Asimismo, a Cristina Narbona se la relacionaba -quizás demasiado, por lo visto- con grupos ecologistas destacados, como Greenpeace o Ecologistas en Acción, que "obstaculizaban" la labor de otros departamentos del anterior Gobierno socialista, como Fomento. Basta con echar un vistazo a las webs de las citadas organizaciones para comprobar cómo les ha sentado la nueva "reestructuración" del Gobierno. Especialmente irónica es la sentencia de Greenpeace, que duda que los asesores "ecologistas" internacionales de Zapatero Al Gore y Rifkin le recomendaran semejante reconversión, que hace desaparecer de un plumazo el Ministerio de Medio Ambiente (que se creó en 1996 en el primer gobierno Aznar) y lo pone en manos de una economista con experiencia en muchas cosas pero ninguna en este sector, más bien al contrario, en la agricultura industrial, en los transgénicos y en la extensión del regadío en un país en el que cada día que pasa llueve menos.
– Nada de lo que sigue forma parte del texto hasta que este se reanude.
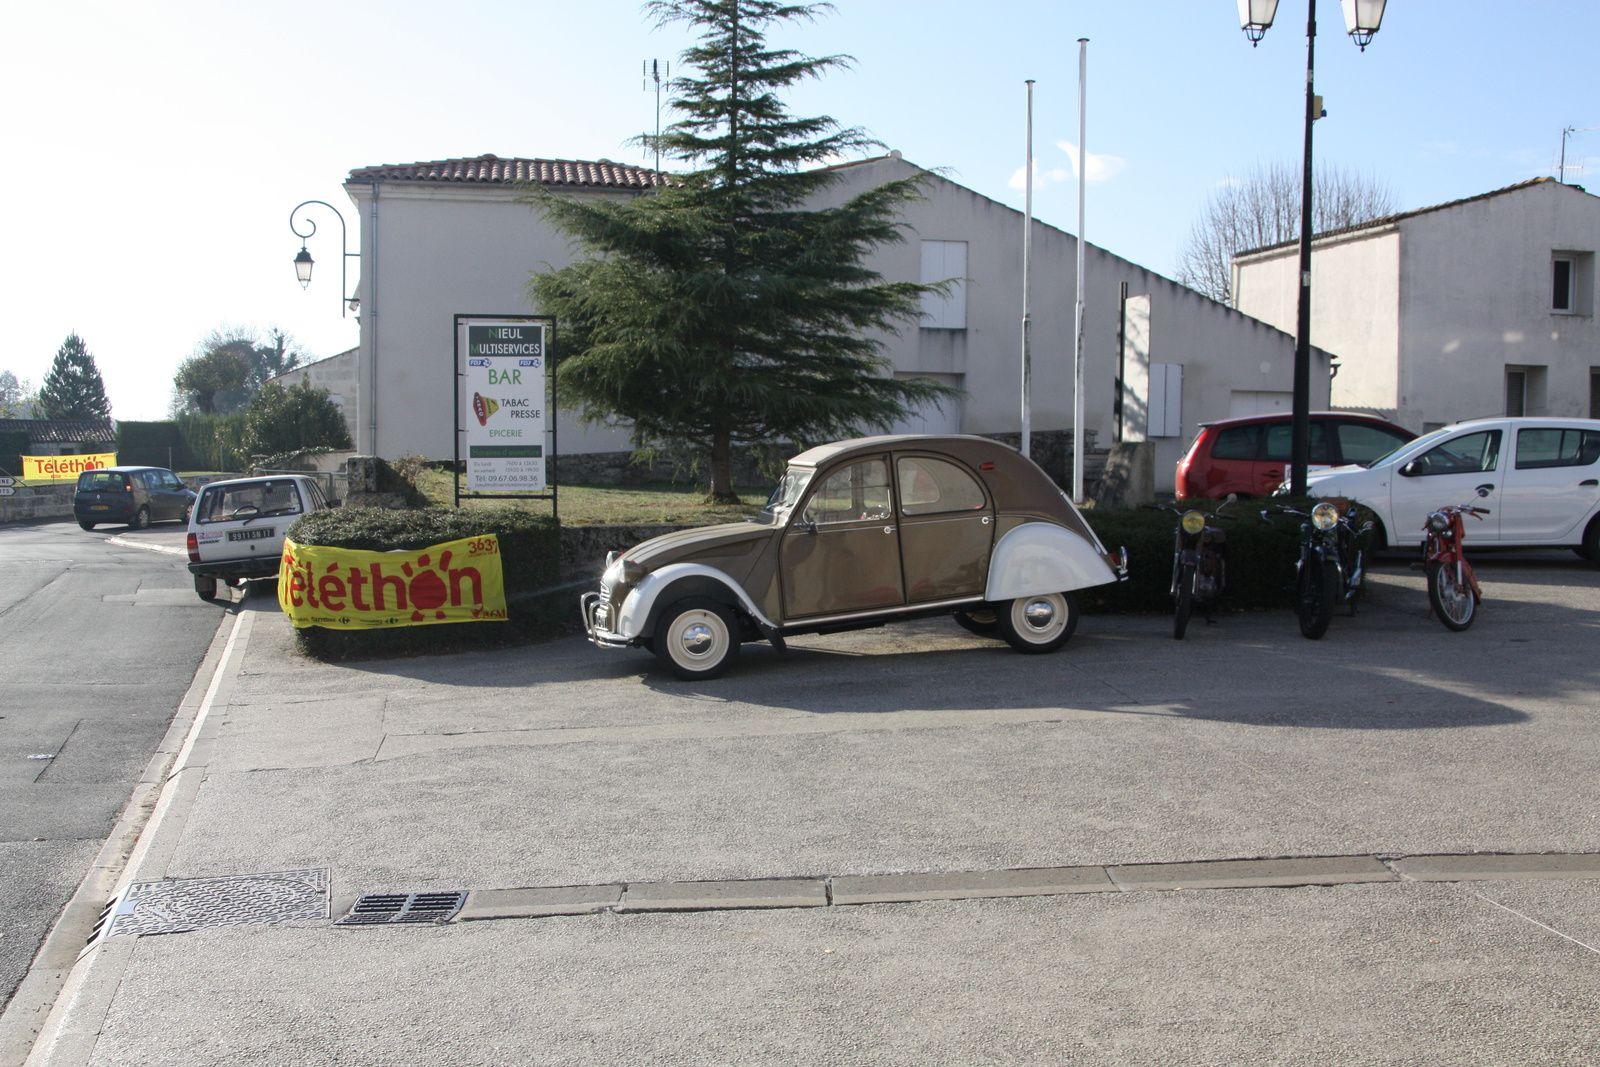 Vente  de crépes, exposition  de  vieilles voitures/motos  et  divers

Quizás es que a los que estamos lejos del centro de poder no alcanzamos a contemplar -y mucho menos a comprender- el complejo plan que el presidente Zapatero, hombre -presuntamente- comprometido con el cambio climático donde los haya, ha dispuesto para los pobres españolitos de a pie. Sin embargo, desde mi ignorancia y lejanía me atrevo a opinar que, en pleno siglo XXI, diluir el medio ambiente en un enorme ministerio cargado de competencias que van desde la agricultura, a la pesca, el agua, alimentación, biodiversidad, incendios, ganadería, enfermedades de origen veterinario, la caza, el cambio climático o al salvamento marítimo y la contaminación costera (heredadas de Fomento), y gestionadas por la misma persona, no es una buena decisión (al menos para el medio ambiente).
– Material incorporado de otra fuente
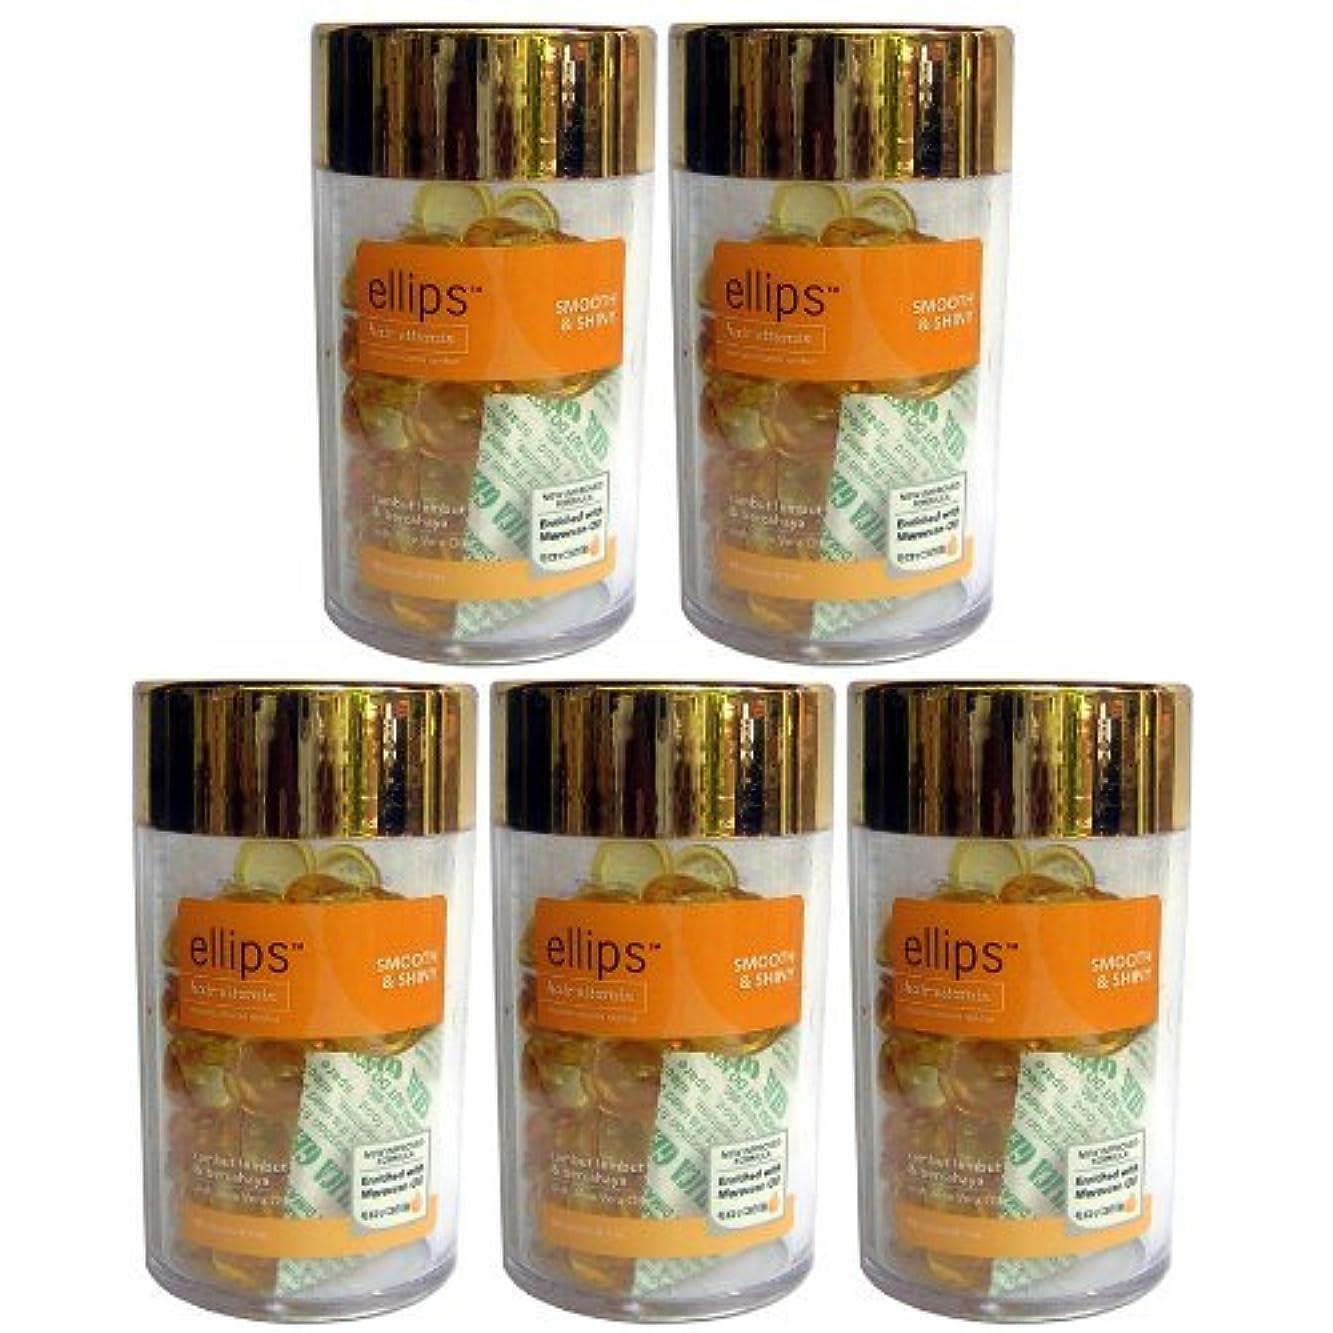 レバー花弁珍味Ellips(エリプス)ヘアビタミン(50粒入)5個セット [並行輸入品][海外直送品] イエロー

Es gracioso recordar que hace unas semanas se llegó a barajar el nombre de Joaquín Araujo, el célebre ambientalista, como candidato a ministro de Medio Ambiente, algo imposible de suceder y que enseguida desmintió el interesado. Un independiente con coherencia y compromiso es imposible que alcance en este país (tal vez en Suecia ocurra) un puesto destacado en la política internacional, nacional o regional, puesto que "las prioridades son las que son", y las aventuras son para los montañeros y para los de "Al filo de lo imposible". Zapatero ha preferido dejar las aventuras para otros tiempos y ha apostado por los valores seguros y menos incómodos de sobrellevar. Los sueños quedan para los discursos electorales y para la intimidad.
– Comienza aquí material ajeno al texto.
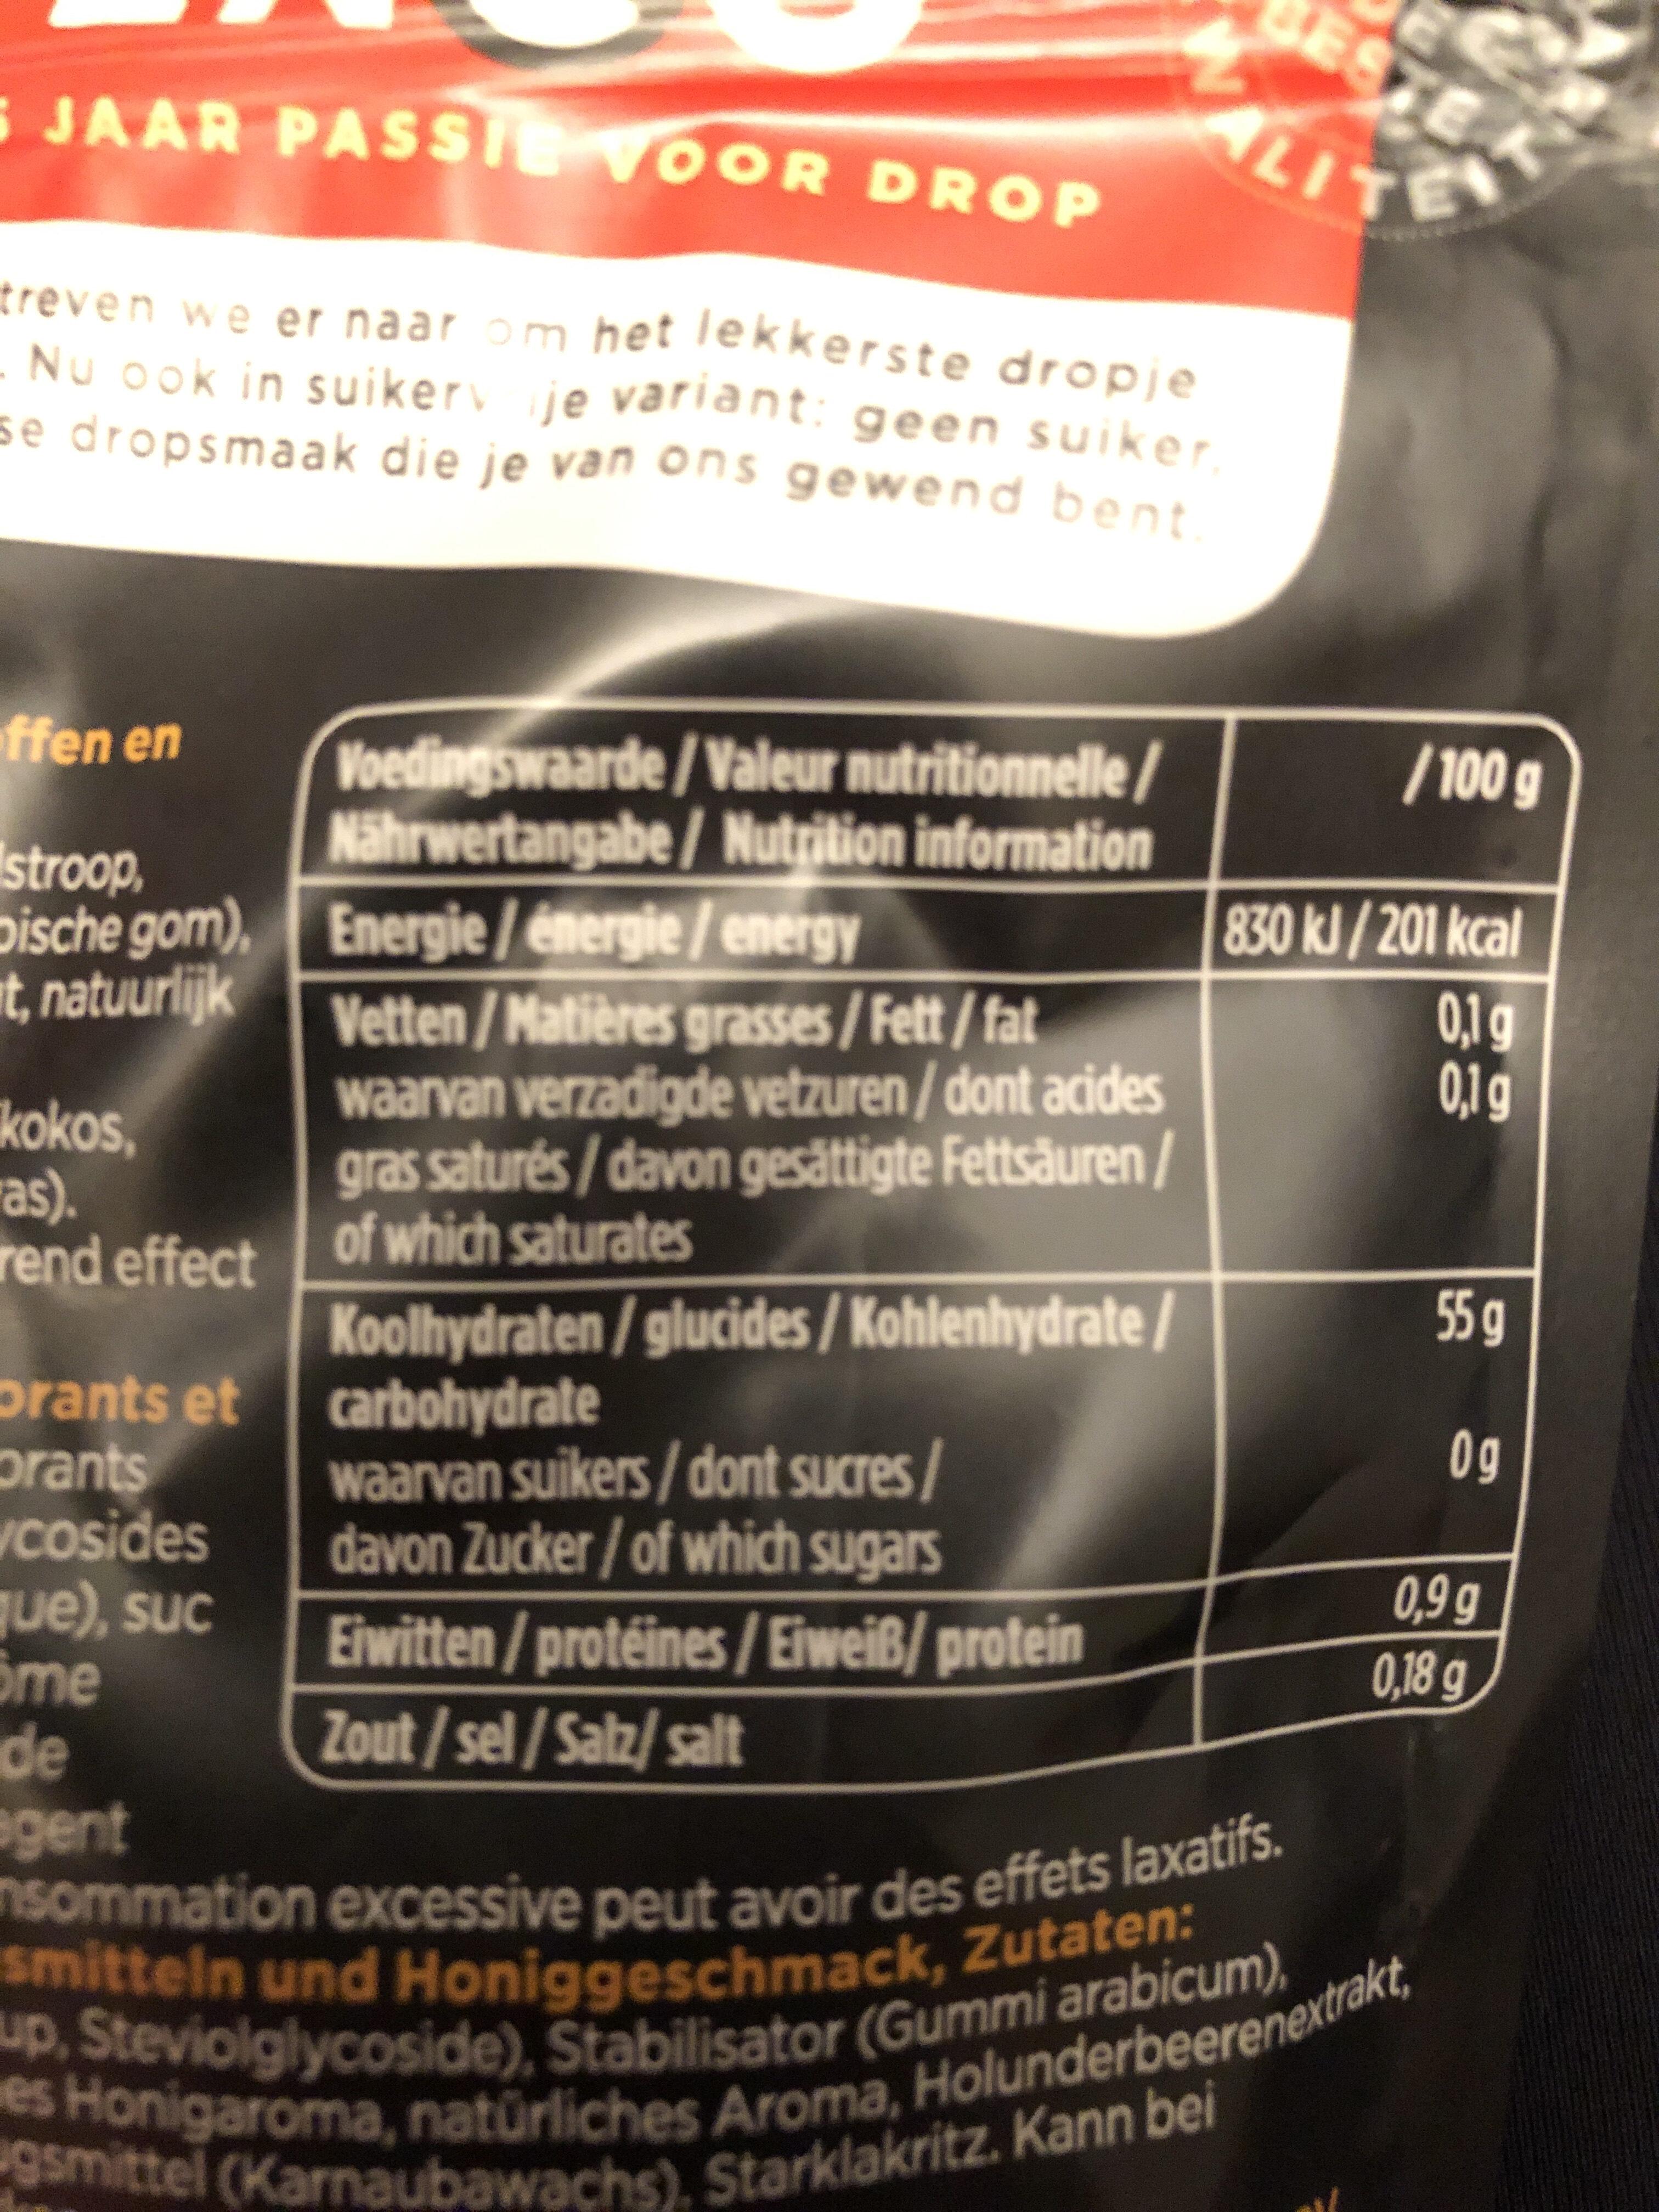 Suikervrij Honing Drop - Nutrition facts

No obstante, habrá que darle un tiempo al nuevo Gobierno y esperar para ver cómo se desarrolla este ambicioso ministerio, de ver si la nueva ministra será capaz de armonizar unas actividades históricamente insostenibles y depredadoras de recursos, como la agricultura, la pesca y la ganadería en España, con la conservación de la naturaleza y el medio ambiente. Será interesante comprobar cómo se aborda desde esa perspectiva más global e "integradora" la supuesta apuesta por un modelo de desarrollo más equilibrado, armonioso y menos agresivo con el medio y la atmósfera. Sin ser demasiado pesimista, creo que nos va a tocar vivir tiempos interesantes, como dice la maldición china?